▶ WORK INSTRUCTIONS
Exact reproduction of the following data is required.

Source data:
────────

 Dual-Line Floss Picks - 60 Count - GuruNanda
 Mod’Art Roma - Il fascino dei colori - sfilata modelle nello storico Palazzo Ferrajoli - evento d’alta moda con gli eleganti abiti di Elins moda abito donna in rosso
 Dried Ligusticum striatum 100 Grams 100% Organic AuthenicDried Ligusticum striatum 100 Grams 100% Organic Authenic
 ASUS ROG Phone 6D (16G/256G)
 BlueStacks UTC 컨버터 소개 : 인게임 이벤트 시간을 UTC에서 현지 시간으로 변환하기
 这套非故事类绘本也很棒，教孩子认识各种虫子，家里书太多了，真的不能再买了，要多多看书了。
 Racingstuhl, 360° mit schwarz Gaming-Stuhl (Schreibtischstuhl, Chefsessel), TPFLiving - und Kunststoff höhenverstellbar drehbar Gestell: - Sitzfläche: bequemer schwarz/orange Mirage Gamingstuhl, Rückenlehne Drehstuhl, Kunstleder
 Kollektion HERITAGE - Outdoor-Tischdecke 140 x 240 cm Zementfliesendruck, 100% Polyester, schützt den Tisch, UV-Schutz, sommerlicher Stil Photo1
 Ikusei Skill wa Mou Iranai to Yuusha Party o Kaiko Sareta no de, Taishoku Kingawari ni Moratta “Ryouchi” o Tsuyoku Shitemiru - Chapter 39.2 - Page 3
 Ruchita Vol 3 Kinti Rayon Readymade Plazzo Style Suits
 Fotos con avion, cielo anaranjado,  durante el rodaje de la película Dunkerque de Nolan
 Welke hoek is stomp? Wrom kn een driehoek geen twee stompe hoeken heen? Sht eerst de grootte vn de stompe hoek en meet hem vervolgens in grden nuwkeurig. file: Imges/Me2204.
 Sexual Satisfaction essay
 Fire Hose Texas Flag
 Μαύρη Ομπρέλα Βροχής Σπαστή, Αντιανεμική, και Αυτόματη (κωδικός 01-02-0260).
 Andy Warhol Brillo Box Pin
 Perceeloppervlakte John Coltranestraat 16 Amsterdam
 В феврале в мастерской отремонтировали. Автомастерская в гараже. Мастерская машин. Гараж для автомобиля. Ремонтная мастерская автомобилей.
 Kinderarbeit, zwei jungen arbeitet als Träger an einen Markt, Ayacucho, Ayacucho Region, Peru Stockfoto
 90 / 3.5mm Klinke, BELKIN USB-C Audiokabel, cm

────────

▶ OUTPUT OF THE TASK
 Dual-Line Floss Picks - 60 Count - GuruNanda
 Mod’Art Roma - Il fascino dei colori - sfilata modelle nello storico Palazzo Ferrajoli - evento d’alta moda con gli eleganti abiti di Elins moda abito donna in rosso
 Dried Ligusticum striatum 100 Grams 100% Organic AuthenicDried Ligusticum striatum 100 Grams 100% Organic Authenic
 ASUS ROG Phone 6D (16G/256G)
 BlueStacks UTC 컨버터 소개 : 인게임 이벤트 시간을 UTC에서 현지 시간으로 변환하기
 这套非故事类绘本也很棒，教孩子认识各种虫子，家里书太多了，真的不能再买了，要多多看书了。
 Racingstuhl, 360° mit schwarz Gaming-Stuhl (Schreibtischstuhl, Chefsessel), TPFLiving - und Kunststoff höhenverstellbar drehbar Gestell: - Sitzfläche: bequemer schwarz/orange Mirage Gamingstuhl, Rückenlehne Drehstuhl, Kunstleder
 Kollektion HERITAGE - Outdoor-Tischdecke 140 x 240 cm Zementfliesendruck, 100% Polyester, schützt den Tisch, UV-Schutz, sommerlicher Stil Photo1
 Ikusei Skill wa Mou Iranai to Yuusha Party o Kaiko Sareta no de, Taishoku Kingawari ni Moratta “Ryouchi” o Tsuyoku Shitemiru - Chapter 39.2 - Page 3
 Ruchita Vol 3 Kinti Rayon Readymade Plazzo Style Suits
 Fotos con avion, cielo anaranjado,  durante el rodaje de la película Dunkerque de Nolan
 Welke hoek is stomp? Wrom kn een driehoek geen twee stompe hoeken heen? Sht eerst de grootte vn de stompe hoek en meet hem vervolgens in grden nuwkeurig. file: Imges/Me2204.
 Sexual Satisfaction essay
 Fire Hose Texas Flag
 Μαύρη Ομπρέλα Βροχής Σπαστή, Αντιανεμική, και Αυτόματη (κωδικός 01-02-0260).
 Andy Warhol Brillo Box Pin
 Perceeloppervlakte John Coltranestraat 16 Amsterdam
 В феврале в мастерской отремонтировали. Автомастерская в гараже. Мастерская машин. Гараж для автомобиля. Ремонтная мастерская автомобилей.
 Kinderarbeit, zwei jungen arbeitet als Träger an einen Markt, Ayacucho, Ayacucho Region, Peru Stockfoto
 90 / 3.5mm Klinke, BELKIN USB-C Audiokabel, cm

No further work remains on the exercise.